Former Missouri Honors Researcher Wins Gates Cambridge Scholarship

Editor’s Note: The story below is from the University of Missouri news service.
Shakked Halperin

At the age of 18, Shakked Halperin spent a year volunteering with Ethiopian children teaching high school math, English, percussion and art. Through that experience he developed a focus on improving the lives of others. Next fall, he will take that focus to the University of Cambridge after being named a recipient of the prestigious Gates Cambridge Scholarship.


Halperin, who graduated from the University of Missouri in December with a degree in biological engineering, is one of 40 recipients of the Gates Cambridge Scholarship. He will pursue a Masters of Philosophy in Biological Sciences.It was during his time volunteering with the Ethiopian children that Halperin realized he wanted to make a difference. He began a pursuit for safe global water supplies while working on the reconstruction of a failing wastewater treatment system in Honduras. There, he led a group of engineering students through the assessment, design and implementation of the reconstruction of the failed treatment plant.

He has already planned a project with a professor in Cambridge’s department of pathology that will expose him to all aspects of developing an application of synthetic biology, including theoretical idea conception, wet lab work, field testing, regulatory compliance and implementation.

“The project is in perfect alignment with my pursuit to secure global water supplies,” Halperin says. “I hope to create a sensor using synthetic biology that can mitigate arsenic poisoning by identifying safe drinking water supplies in developing countries.”

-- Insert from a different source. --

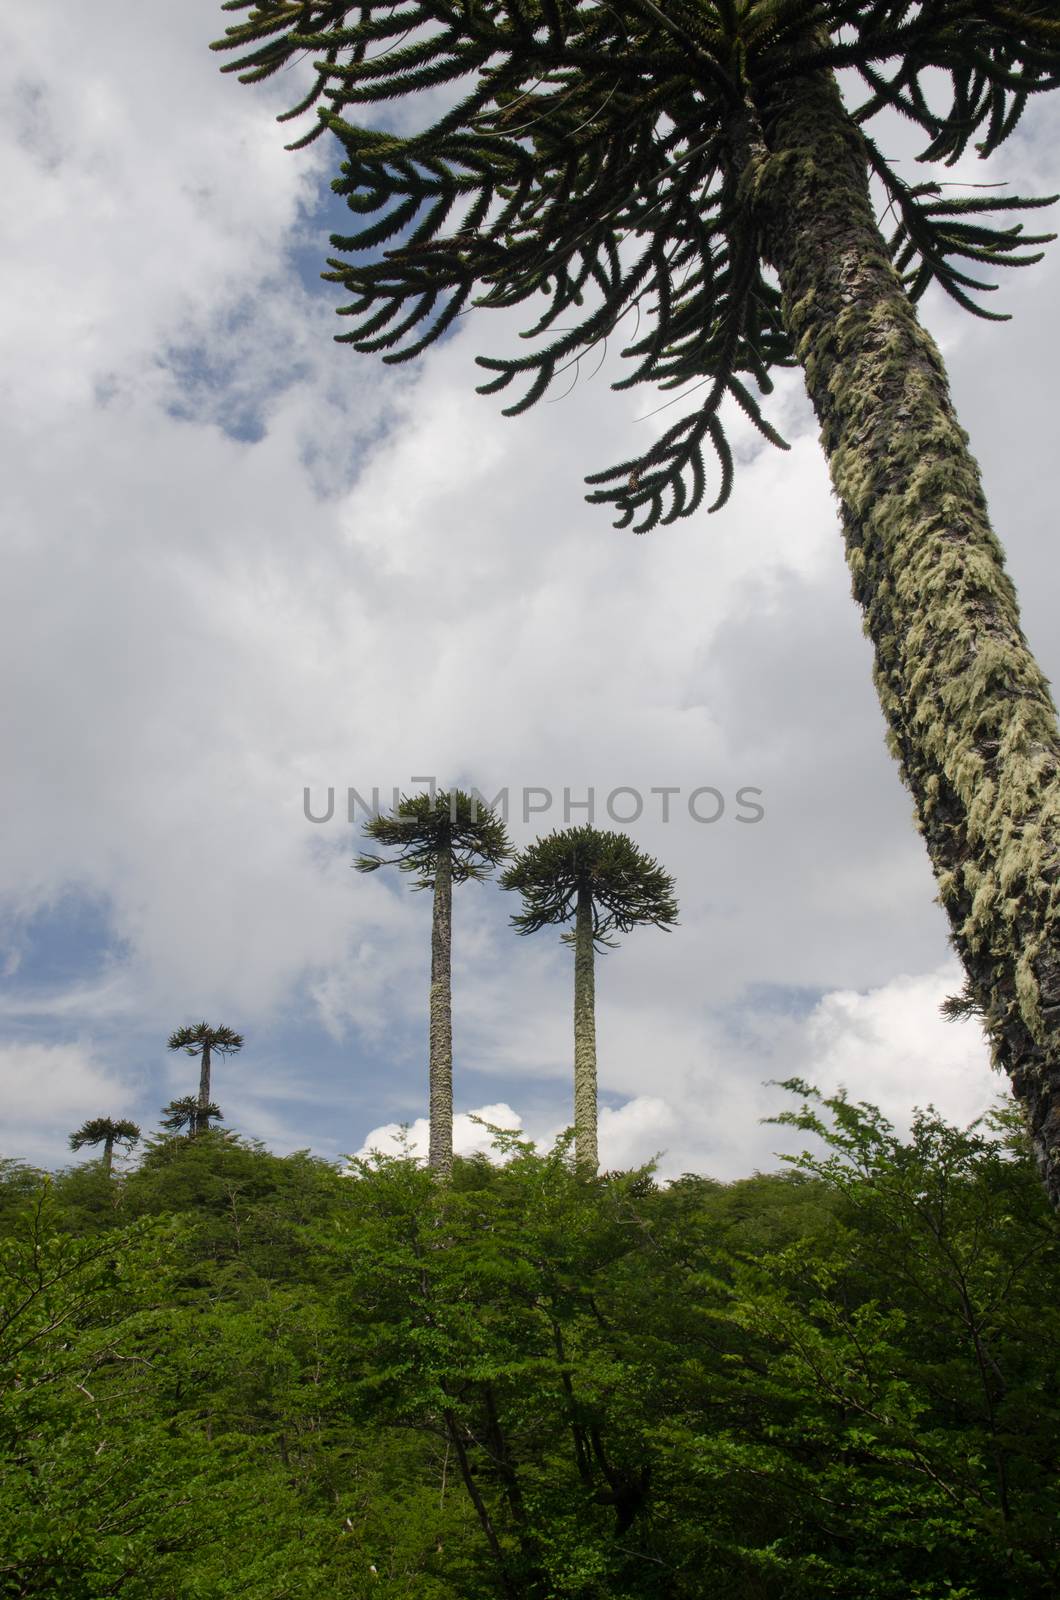 Scrubland with monkey puzzle trees Araucaria araucana. by VictorSuarez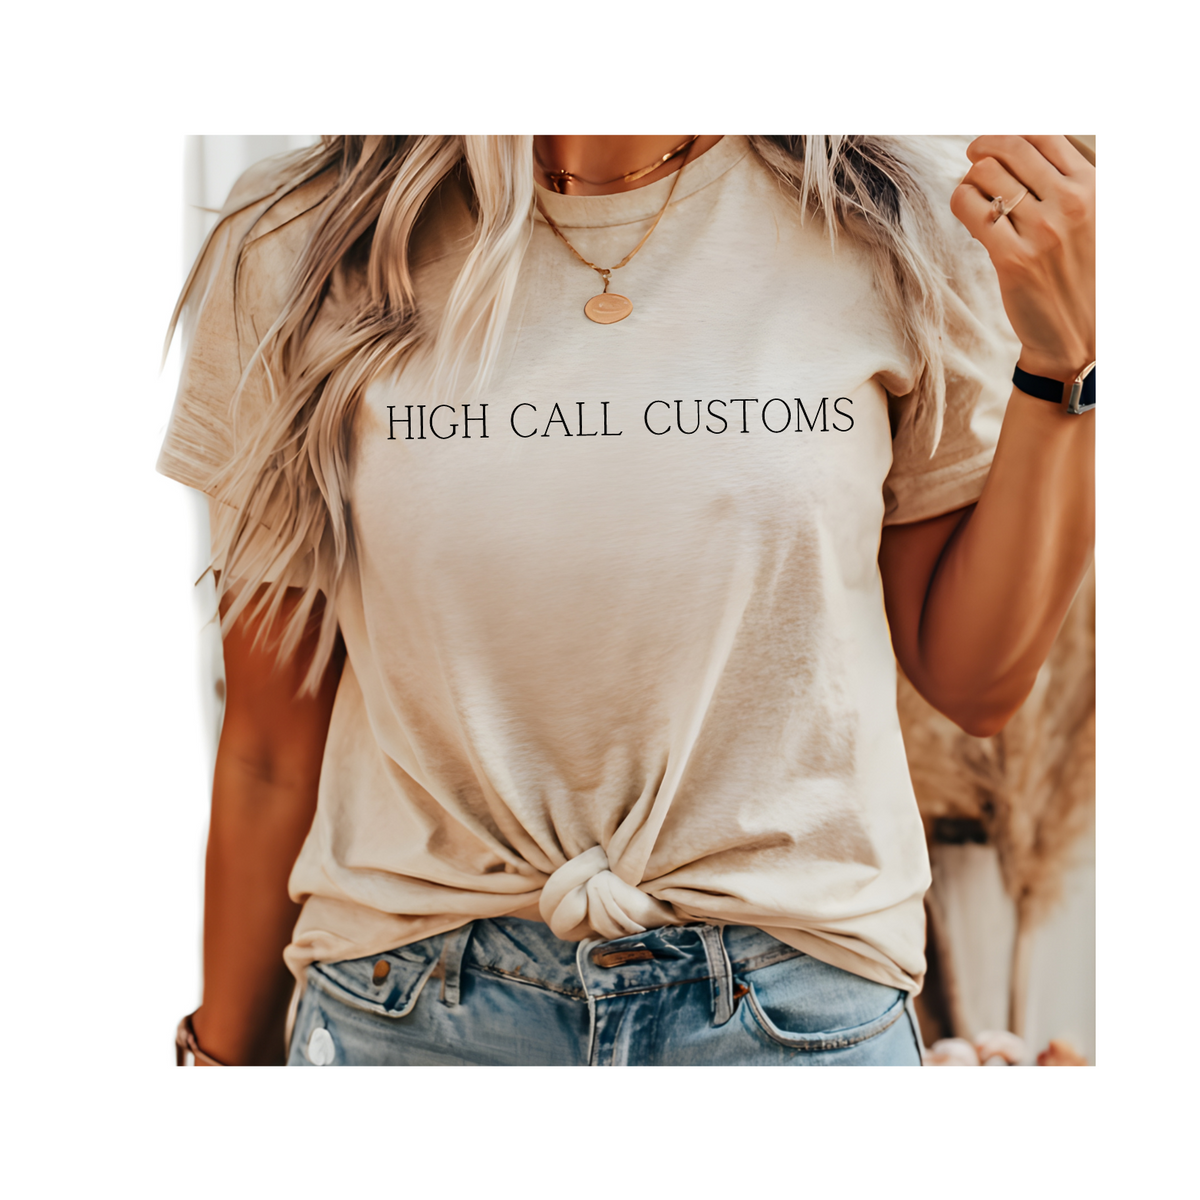 High Call Customs tee

His undergraduate research work at MU included a supervised independent study program and participating in the Honors Undergraduate Research Program.

“Researching biological engineering as an undergraduate gave me an appreciation for the mechanisms that sustained living systems for billions of years at a level of complexity unparalleled by human innovation,” Halperin says.

He spent the summer of 2012 at the University of California-Berkeley where he conducted research through a National Science Foundation Research Experience for Undergraduates (REU) and last summer he participated in a research project through an REU at Tsinghua University in Beijing, China.

“Every so often, we are fortunate to meet exceptional students who perform beyond our expectations and Shakked is one such student,” says Shelia Grant, a professor of biological engineering who was Halperin’s faculty mentor at MU. “As an undergraduate student, Shakked independently performed graduate-level research. He was not hesitant about trying new experiments or learning new techniques.”

Halperin applied for the Gates Cambridge Scholarship because of its unique focus on building a community of future leaders committed to improving lives of others.

“The opportunity of this scholarship lies in the gathering of so many other passionate young leaders and so the responsibility that it brings is to use that opportunity to its full potential – that means forming bonds, discussions and collaborations with others in the community,” he says.

The Gates Cambridge Scholarship is one of the world’s most celebrated honors for post-baccalaureate study. The highly-competitive scholarships are full-cost awards given to applicants outside the United Kingdom to pursue a full-time postgraduate degree in any subject available at the University of Cambridge.

This marks the second-consecutive year that a Mizzou alumnus has been awarded the Gates Cambridge Scholarship. Lindsey Murray, BS’ 03, began her studies at Cambridge in the fall after earning the scholarship last year.